As some Say Ahhh! readers know, I recently moved across
the country with my husband and toddler.
It’s been more than three months, but we’re still searching our new
place for clothes or items that got lost in the shuffle.
Of course, part of moving is also setting up your life in
a new place –new bank accounts, health insurance plans, and, of course, doctors
and other health care providers. I
did my due diligence in January and took my daughter Maddie to her 15-month
appointment with a new pediatrician. When we were finished–with child care
immunization forms in hand!–I headed to the front to check out and pay the
usual co-pay. The receptionist waved
me out–“You don’t owe anything,” she said.
Excited, I remarked to my husband that we just
experienced a direct benefit of the Affordable Care Act. Insurers are now required to offer a
full range of preventive services, defined by the U.S. Preventive Care
Task Force, with no cost sharing for families.
(Later, of course, the wonk in me wondered: “Is my new
health plan grandfathered?”) It turns out that it was, which means it was exempt from ACA’s preventive
services provisions. Our HR
office did tell me that my insurer made the preventive care change in response
to the law, aligning it with requirements in other plans–so, OK, it’s not a
direct result but due to positive peer pressure, so I’ll still thank ACA for
the extra cash in my pocket!)
Whether or not my family benefitted directly, this is a
welcome change for so many low- and middle-income families who really need the
extra money in this tight economy, removing one more barrier to preventive
care. Of course, child health
advocates know that Medicaid and CHIP already do this–the programs have a long
history of providing affordable, preventive care services through EPSDT and
most CHIP benefits. The ACA
protects and builds upon these gains for kids by requiring private plans to offer
a full range of benefits with no cost sharing for families.
So how many children have actually gained access to
preventive care as a result?
According to a CCF fact sheet, released today:
More than half of the nation’s children have gained or
maintained access to cost-effective preventive care services as a result of the
Affordable Care Act. The ACA is already helping over 40 million children and
their families with better access to cost-effective preventive care through a
state Medicaid/CHIP program or private insurance plans.
The ACA has improved access to care in private plans by
expanding the quality of preventive services provided and removing cost
barriers for families.
- Almost 1 in 5 (18.5%) U.S. children can now access new
preventive services through their insurer.

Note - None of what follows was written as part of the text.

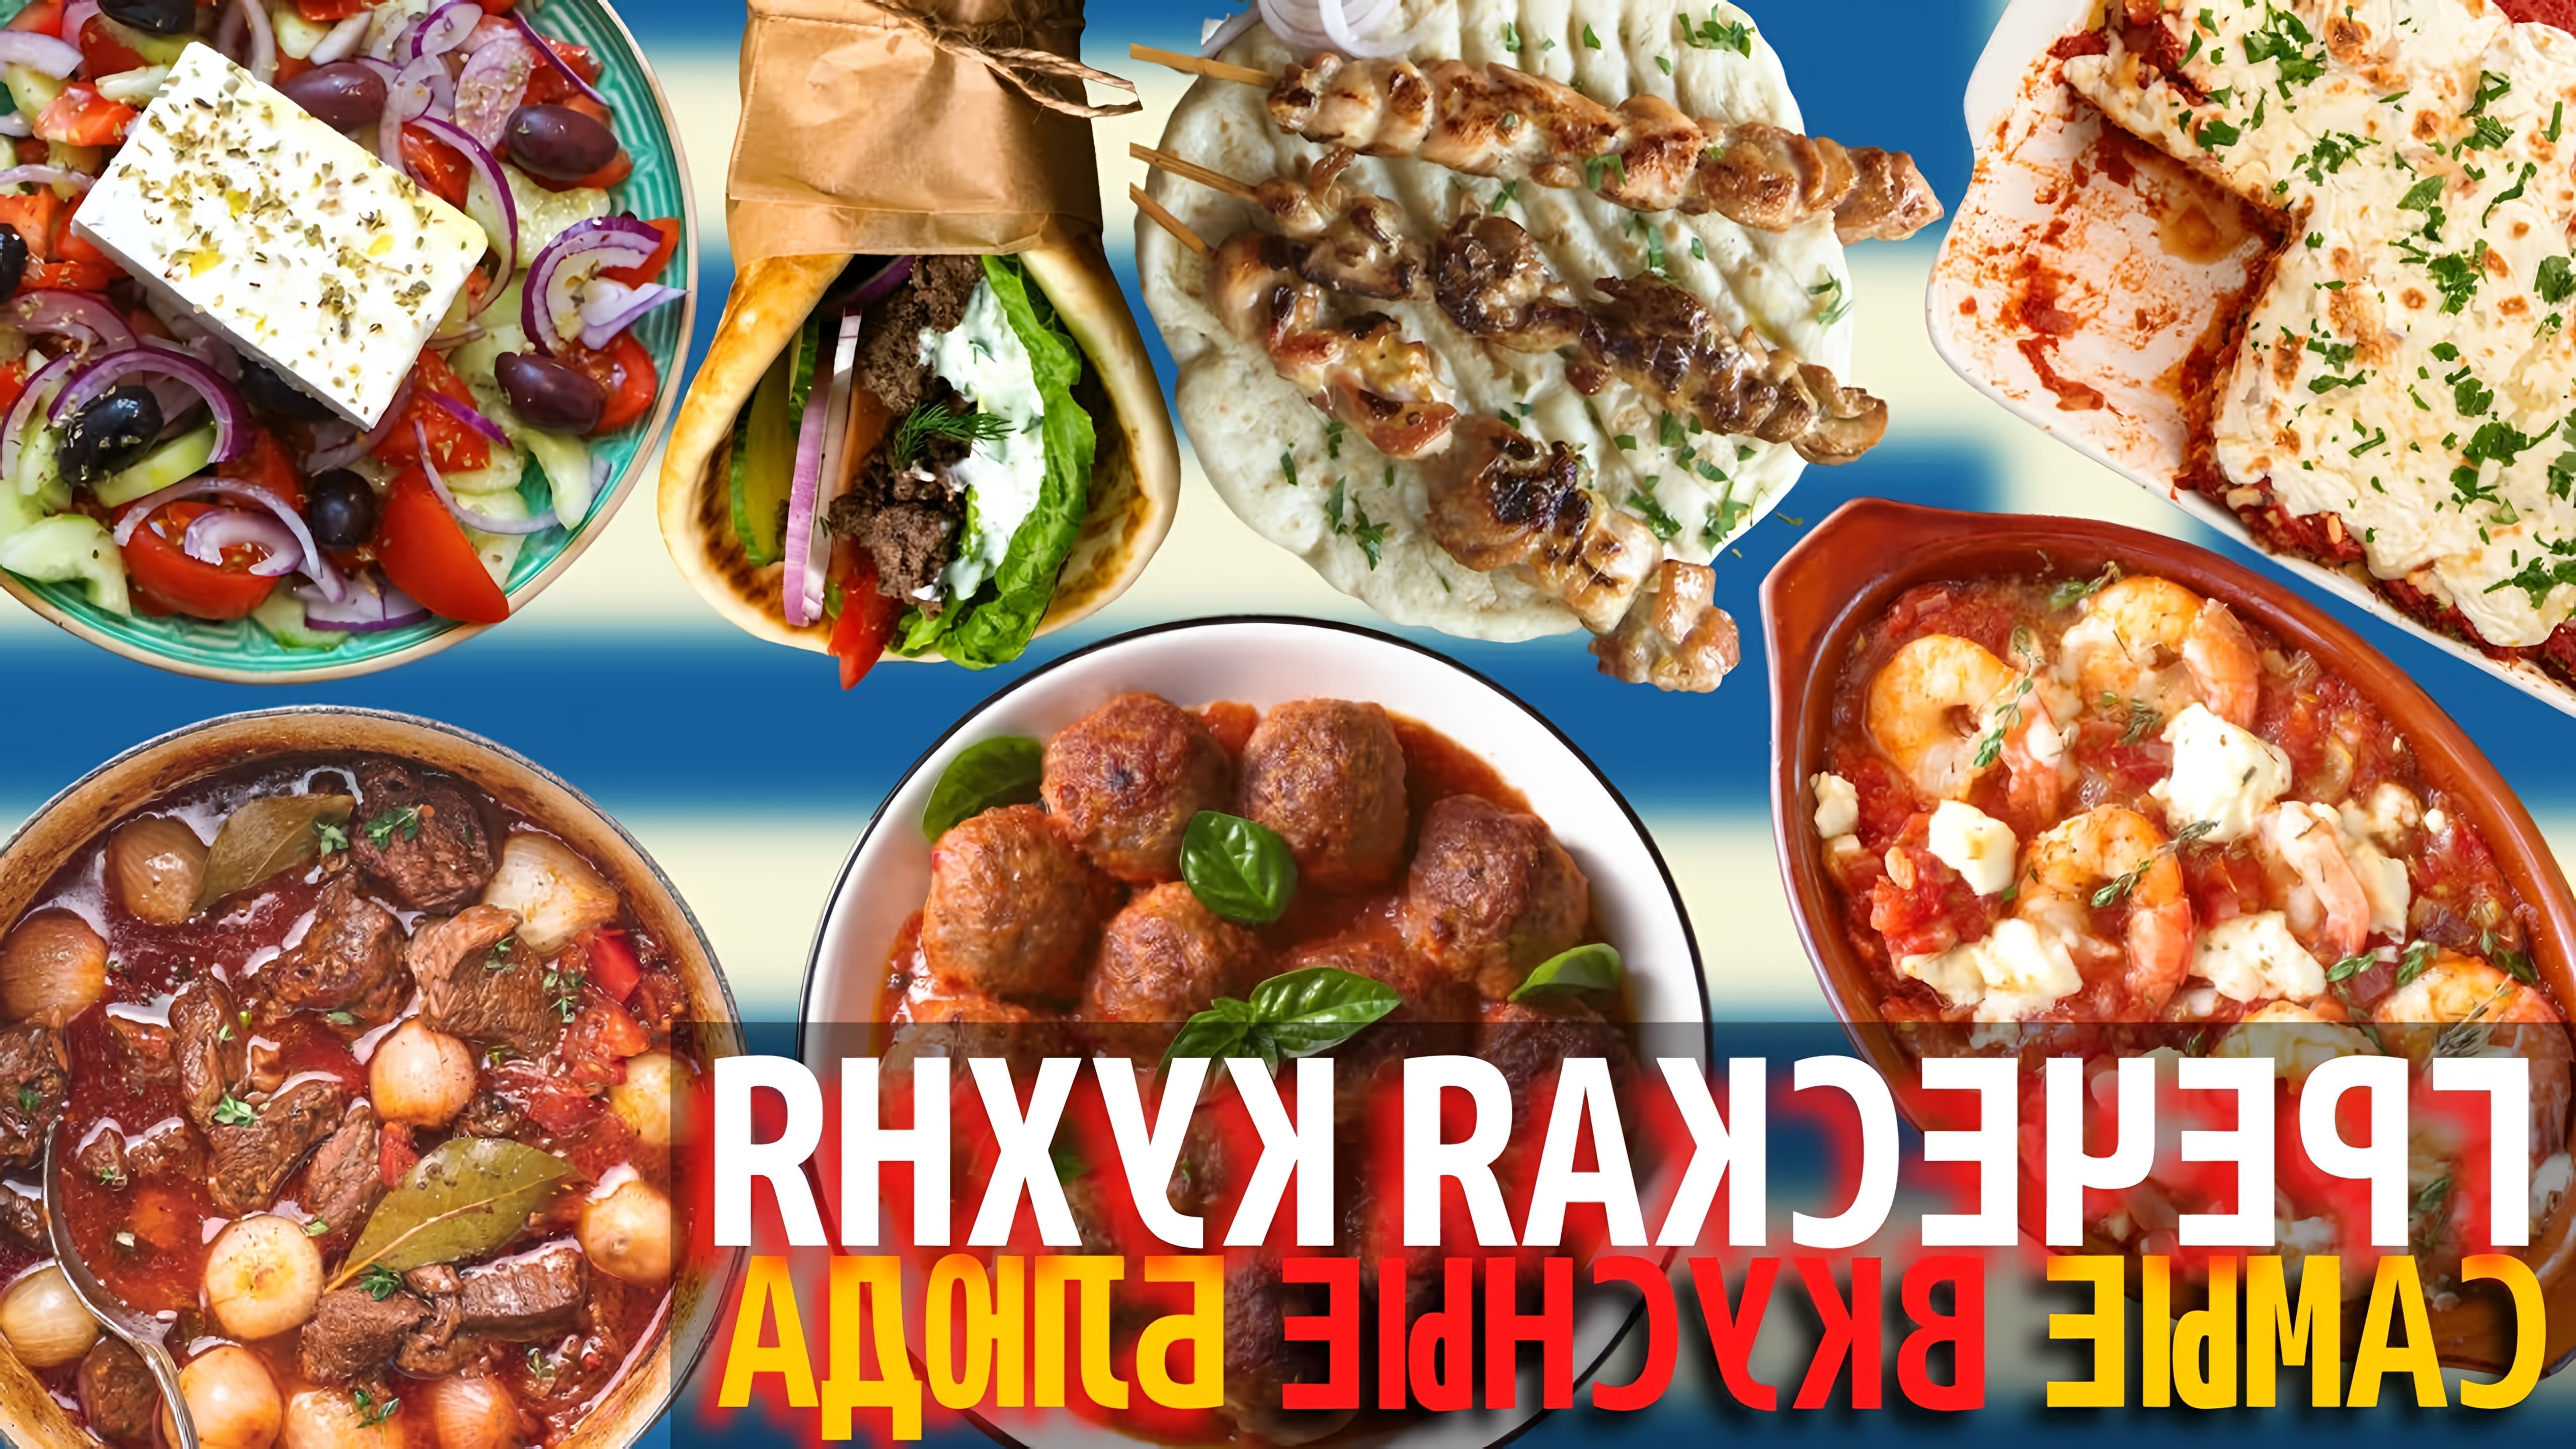 Греческая кухня известна своей красочностью, изысканностью и полезностью

- More than 1 in 8 (13.7%) of the nation’s children can
now receive preventive services at no cost to their families.
More than a third of children in the U.S. rely on
preventive care offered under Medicaid or CHIP. The Affordable Care Act
protects gains already made in Medicaid and CHIP for children and families.
How does this impact your state? The fact sheet includes
state-by-state data on the number and share of kids who have kept or improved
access to preventive services.
It’s remarkable what a difference the ACA has already
made, even when many provisions won’t go into effect for several more
years. Thanks to ACA for helping
to connect more kids to preventive care (and for giving the Buraks one less
thing to keep track of!). We
already have lots to celebrate for the ACA’s two-year anniversary this
Friday. Hopefully by the time
Maddie turns two, we’ll have even more ACA successes to applaud.